Painel político-econômico pré-eleições

Pouco antes das eleições de outubro, muitas mudanças no quadro político-econômico estão em marcha; especialistas apontam que nem sempre candidatos têm ideia do que prometem

Em tempos de propaganda eleitoral, prometer é o verbo mais usado entre os candidatos ao Executivo e Legislativo. O problema, segundo especialistas, é que, muitas vezes, os autores das promessas, mesmo que quisessem, não teriam como pôr seus discursos em prática, porque a solução de problemas, que enchem de esperanças muitos eleitores, na verdade, não é da competência dos cargos pleiteados.

Segundo o professor de direito eleitoral e procurador de Justiça, Marcos Ramayana, a maioria das promessas está relacionada à redução de impostos e melhorias na educação e na segurança pública, como o uso das Forças Armadas.

“ Já vi deputado estadual propor baixar a alíquota do Imposto de Renda [federal] ou alterar o IPTU [Imposto Predial Territorial Urbano], que é um imposto municipal. Além disso, ninguém pode mandar o Exército para as ruas. Isso é atribuição [exclusiva] do presidente da República”, explicou.
O professor lembra ainda que deputado estadual não pode estipular regras para as escolas federais, por exemplo. “Como deputado estadual vai alterar regras de universidade federal? Tem candidato dizendo que vai levar metrô para a Baixada Fluminense. São coisas assim, discursos sobre obras muito grandes, que não conseguirão ser feitas, mas que atraem o voto do eleitor”, destacou.

Não há má-fé?
Para o diretor do Departamento Intersindical de Assessoria Parlamentar (Diap), Antônio Augusto de Queiroz, na maioria das vezes os candidatos não agem de má-fé. “Em geral isso decorre da própria ignorância ou desconhecimento do candidato em relação às atribuições, competências e responsabilidades do cargo que disputa. Nós temos, no Brasil, uma carência de formação cívica, especialmente no que diz [respeito] às instituições, ao que elas fazem, como funcionam, quais suas atribuições. Isso faz com que mesmo pessoas que se habilitem a disputar o mandato não tenham o devido conhecimento e, portanto, fazem promessas que não estão entre as competências do cargo que pretendem ocupar”, acredita.

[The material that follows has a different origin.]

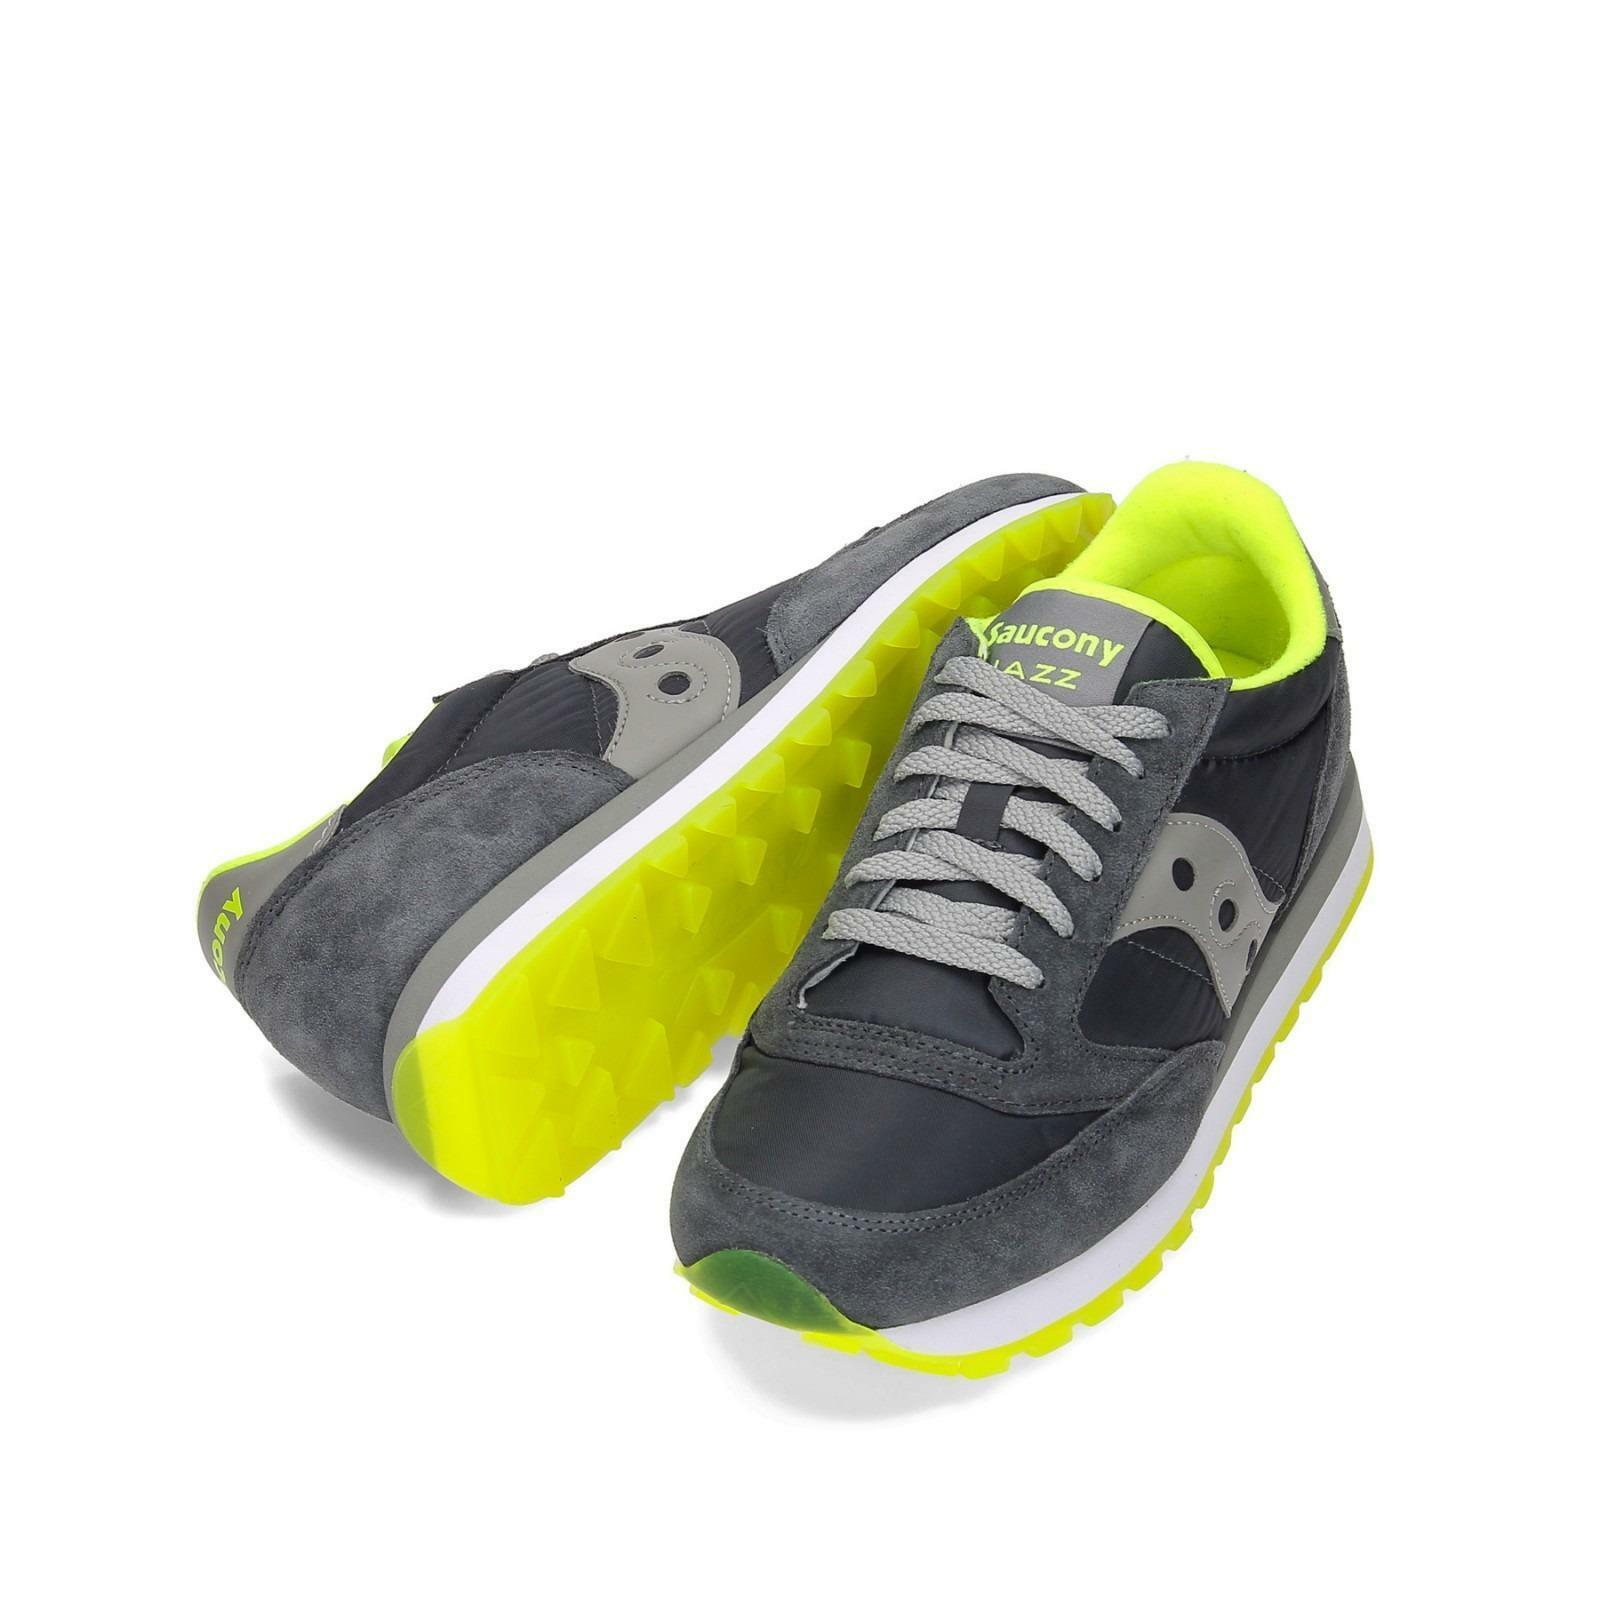 saucony saucony scarpa jazz original uomo grigio giallo fluo 2044-257

Nós temos, no Brasil, uma carência de formação cívica, especialmente no que diz [respeito] às instituições, ao que elas fazem, como funcionam, quais suas atribuições.

Ainda segundo Antônio Augusto, na disputa para cargos de senador, governador e presidente da República, os abusos são quase imperceptíveis, devido a um cuidado maior das legendas em relação a essas candidaturas. “Em geral, os partidos lançam seus melhores quadros para a disputa majoritária, especialmente do Poder Executivo. Também há menos problemas nesses casos, porque o número de candidatos é um pouco menor, e ficaria ridículo para aquele que prometer algo que não tem efetiva condição de implementar, até porque os outros cuidarão de denunciar as falsas promessas”, avalia.

Economia
A economia brasileira deve crescer 0,33% neste ano, de acordo com estimativa de instituições financeiras consultadas todas as semanas pelo Banco Central (BC). A projeção anterior estava em 0,48%. A redução na estimativa para a expansão do Produto Interno Bruto (PIB), soma de todos os bens e serviços produzidos no país, vem ocorrendo há 16 semanas consecutivas. Para 2015, a projeção caiu de 1,1% para 1,04%.


Para a produção industrial, a estimativa é de queda de 1,98%, neste ano, com recuperação em 2015. Para o próximo ano, a projeção de expansão é 1,5%. A projeção de instituições financeiras para a inflação, medida pelo Índice Nacional de Preços ao Consumidor Amplo (IPCA), foi mantida em 6,29%, tanto em 2014 quanto no próximo ano.